NCT number NCT00035334
Other study ID # CL-503004
Secondary ID
Status Completed
Phase Phase 2/Phase 3
First received May 2, 2002
Last updated February 13, 2006
Start date October 2001
Est. completion date December 2004

Study information

Verified date February 2006
Source Bellus Health Inc
Contact n/a
Is FDA regulated No
Health authority United States: Food and Drug Administration
Study type Interventional

Clinical Trial Summary

The main objective of this study is to evaluate the safety and efficacy of NC-503 compared to placebo in patients with secondary (AA) amyloidosis using a composite assessment of clinical improvement/worsening of both renal and gastrointestinal functions.


Description:

AA amyloidosis is associated with chronic inflammatory conditions (rheumatoid arthritis, ankylosing spondylitis, inflammatory bowel disease), chronic infection (tuberculosis, osteomyelitis), and Familial Mediterranean Fever. Rheumatoid arthritis is the major cause of AA amyloidosis in Western Europe and North America. The most common clinical feature of AA amyloidosis is renal dysfunction manifested as nephrotic-range proteinuria or renal insufficiency at the time of diagnosis. End-stage renal failure is the cause of death in 40-60% of cases. Gastrointestinal involvement is also frequent and is usually manifested as chronic diarrhea, body weight loss and malabsorption. Enlargement of the liver and spleen may also occur in some patients. The median survival time from diagnosis varies from 2 to 8 years depending on the stage of the disease at time of diagnosis. The goal of the current therapy in AA amyloidosis is the control of the associated disease. However, the current approaches for the treatment of AA amyloidosis are unspecific, toxic, invasive, and not sufficiently effective in many cases. NC-503 was specifically designed to compete with the naturally occurring sulfated GAGs for the binding to amyloidogenic precursor proteins, and to inhibit amyloid deposition into tissues. The proposed therapy with NC-503 is based on the prevention of the amyloid fibril formation. The objective of this clinical phase II/III study is to determine the efficacy and safety of NC-503 compared to a placebo in patients suffering from secondary (AA) amyloidosis by the assessment of clinical improvement/ worsening of both renal and gastrointestinal functions.

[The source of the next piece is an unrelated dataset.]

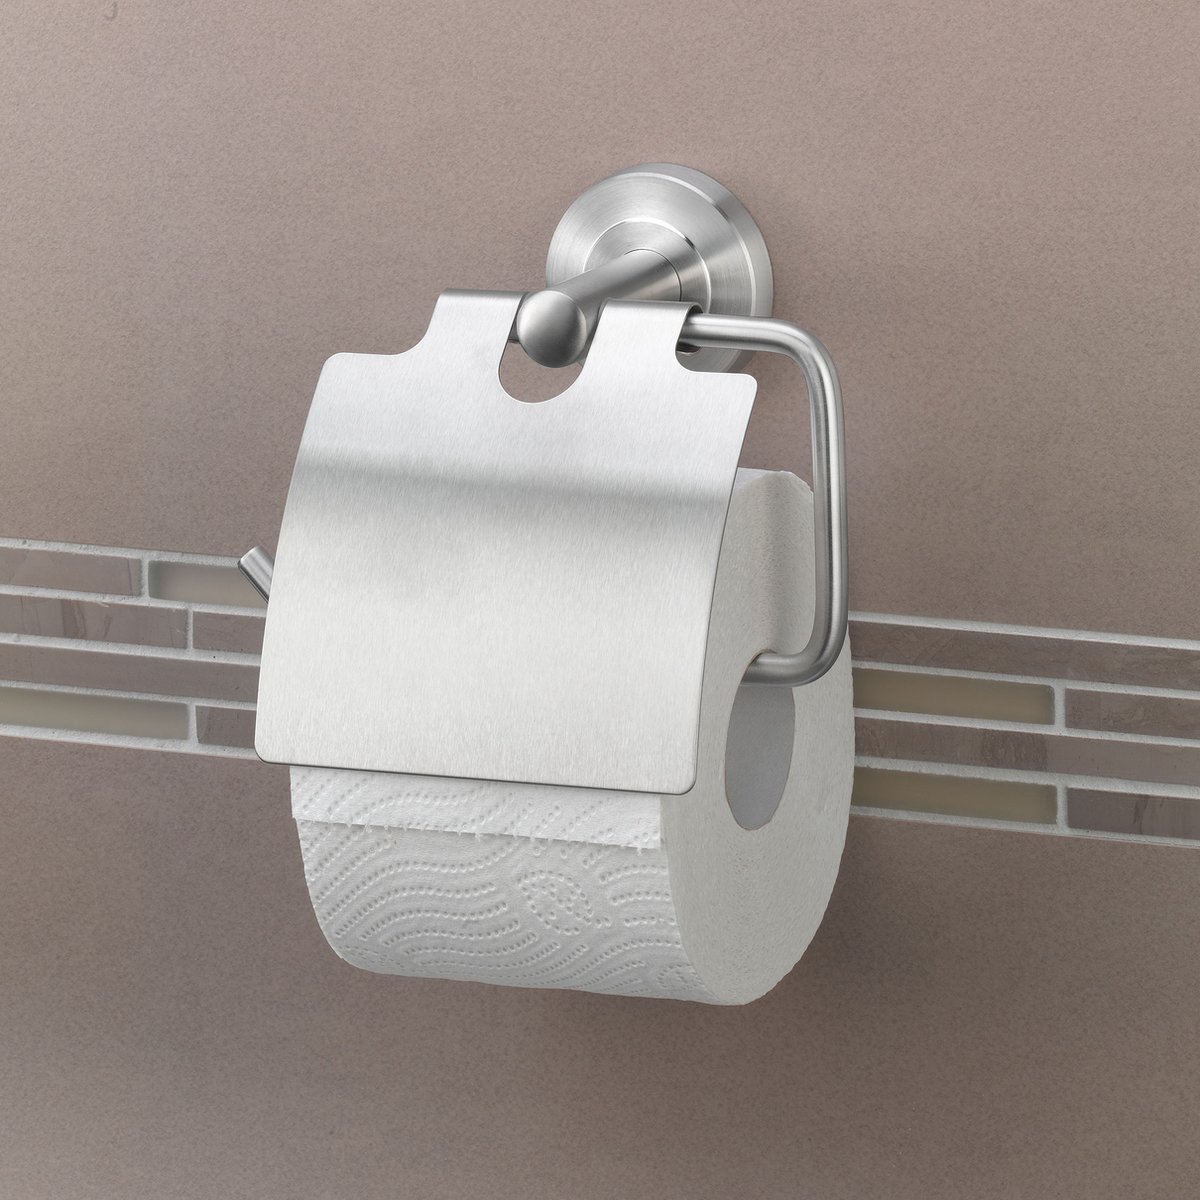 AMARE - wc-papierhouder - zonder boren - roestvrij staal - badkamerdecoratie - gemakkelijk schoon te maken - duurzaam.

Other known NCT identifiers
  • NCT00017667

Recruitment information / eligibility

Status Completed
Enrollment 150
Est. completion date December 2004
Est. primary completion date
Accepts healthy volunteers No
Gender Both
Age group 18 Years and older
Eligibility PROTOCOL INCLUSION CRITERIA

- Patients must be 18 years of age or older.

- Males and females. If women of childbearing potential (i.e., not surgically sterilized or post-menopausal greater than one year) the patient must be using effective birth control.

- Diagnosis of AA amyloidosis demonstrated by positive biopsy (Congo red staining) and immunohistochemistry or immunoelectron microscopy at screening visit. Tissue from previous biopsy can be used for confirmation of diagnosis, if available.

- Persistent proteinuria defined as urinary protein excretion ? 1g/24h in two distinct 24-h urine collections at least 1 week apart within 3 months prior to study entry (baseline, Month 0 visit) without evidence of urinary tract infection or overt heart failure (NYHA class III or more); OR creatinine clearance ? 60 mL/min in two distinct measures at least 1 week apart within 3 months prior to study entry (baseline, Month 0 visit).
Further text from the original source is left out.